2016-12-10 Thread Petr Jelinek
Hi,

I recently found couple of issues with the way initial logical decoding
snapshot is made.

First one is outright bug, which has to do with how we track running
transactions. What snapbuild basically does while doing initial snapshot
is read the xl_running_xacts record, store the list of running txes and
then wait until they all finish. The problem with this is that
xl_running_xacts does not ensure that it only logs transactions that are
actually still running (to avoid locking PGPROC) so there might be xids
in xl_running_xacts that already committed before it was logged. This in
turn means that the snapbuild will never make snapshot if the situation
occurs. The reason why this didn't bite us much yet is that the
snapbuild will consider all transactions finished if the empty
xl_running_xacts comes which usually happens after a while (but might
not on a consistently busy server).

The fix I came up with this is to extend the mechanism to also consider
all transactions finished when xl_running_xacts which has xmin bigger
then that previous xmax comes. This seems to work pretty well on busy
servers. This fix is attached as
0001-Mark-snapshot-consistent-when-all-running-txes-have.patch. I
believe it should be backpatched all the way to 9.4.


The other issue is performance problem again on busy servers with
initial snapshot. We track transactions for catalog modifications so
that we can do proper catalog time travel for decoding of changes. But
for transactions that were running while we started trying to get
initial consistent snapshot, there is no good way to tell if they did
catalog changes or not so we consider them all as catalog changing. We
make separate historical snapshot for every such transaction. This by
itself is fine, the problem is that current implementation also
considers all the transactions that started after we started watching
for changes but before we reached consistent state to also do catalog
changes even though there we actually do know if they did any catalog
change or not.

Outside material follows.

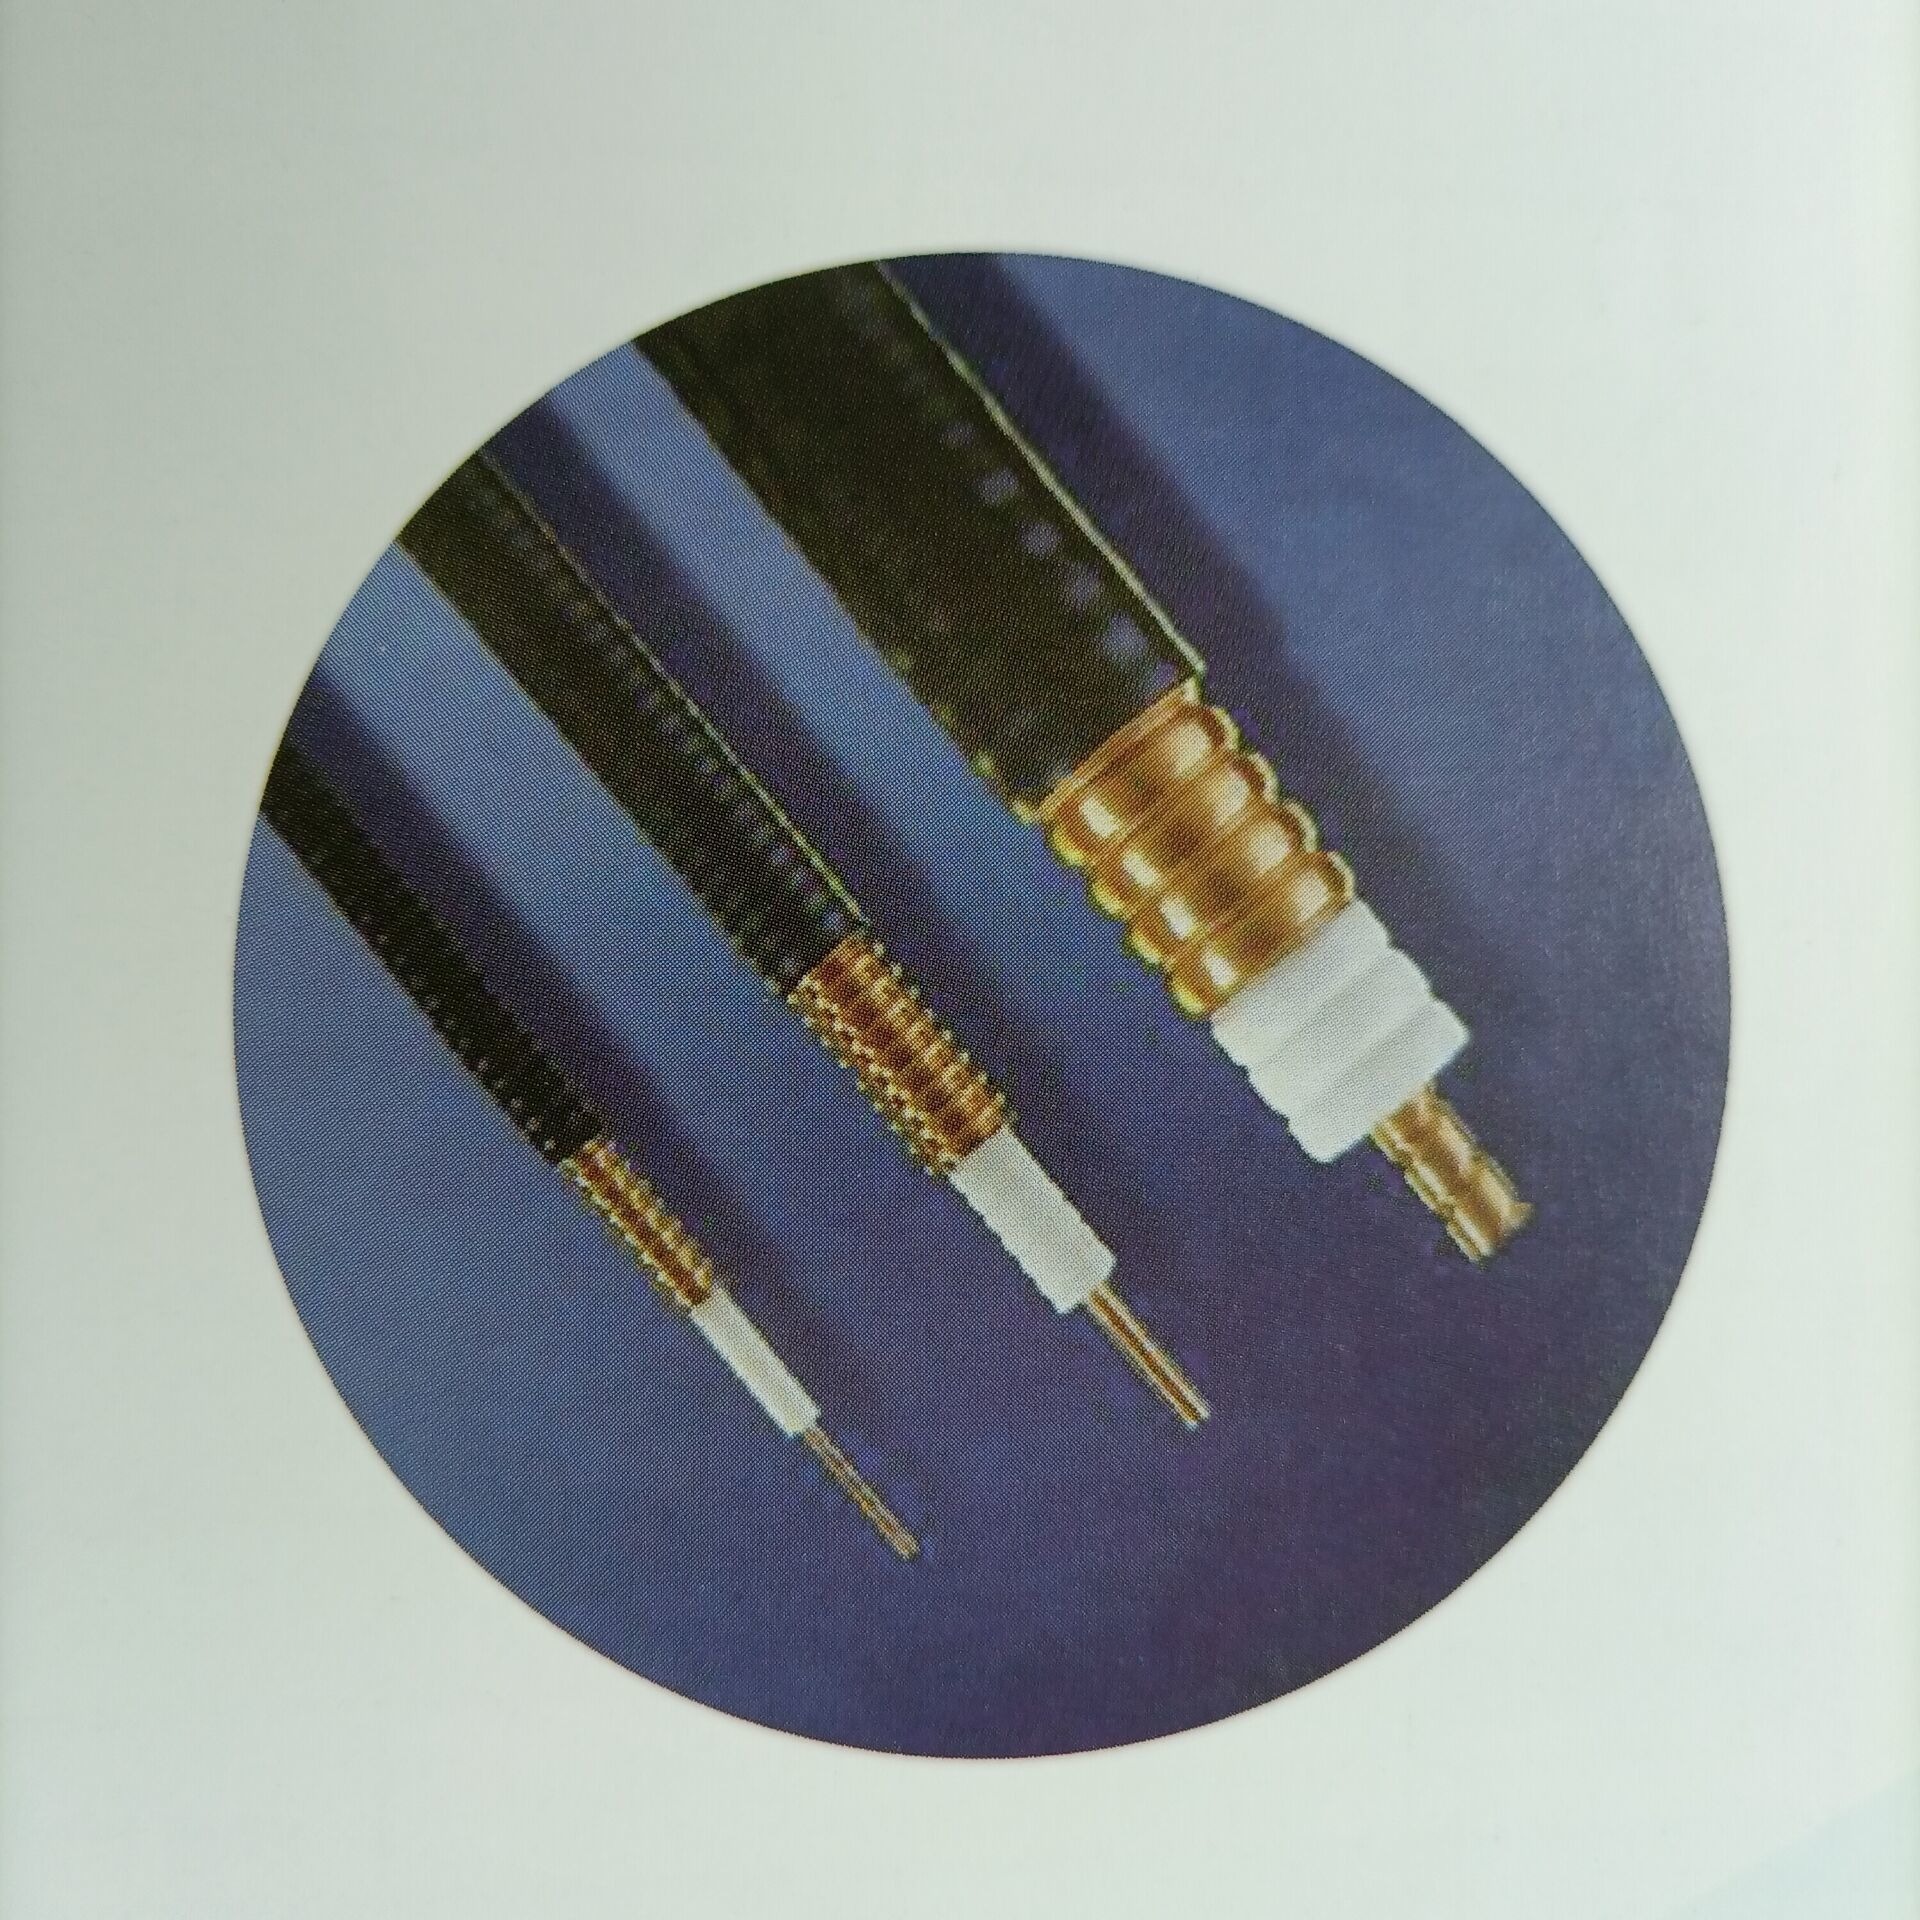 无线电通讯传输馈管 电力负控电缆 天线 通信馈线 通信电缆  传输电缆  HCAAYZ-50-12 (1/2) 通信馈管

In practice it means we make snapshots that are not
really necessary and if there was long running transaction for which the
snapshot builder has to wait for then we can create thousands of unused
snapshots which affects performance in bad ways (I've seen the initial
snapshot taking hour because of this).

The attached 0002-Skip-unnecessary-snapshot-builds.patch changes this
behavior so that we don't make snapshots for transactions that we seen
wholly and know that they didn't make catalog changes even if we didn't
reach consistency yet.

-- 
  Petr Jelinek  http://www.2ndQuadrant.com/
  PostgreSQL Development, 24x7 Support, Training & Services
From 67e902eef33da9e241c079eaed9ab12a88616296 Mon Sep 17 00:00:00 2001
From: Petr Jelinek 
Date: Sat, 10 Dec 2016 21:56:44 +0100
Subject: [PATCH 1/2] Mark snapshot consistent when all running txes have
 finished.

---
 src/backend/replication/logical/snapbuild.c | 29 +
 1 file changed, 21 insertions(+), 8 deletions(-)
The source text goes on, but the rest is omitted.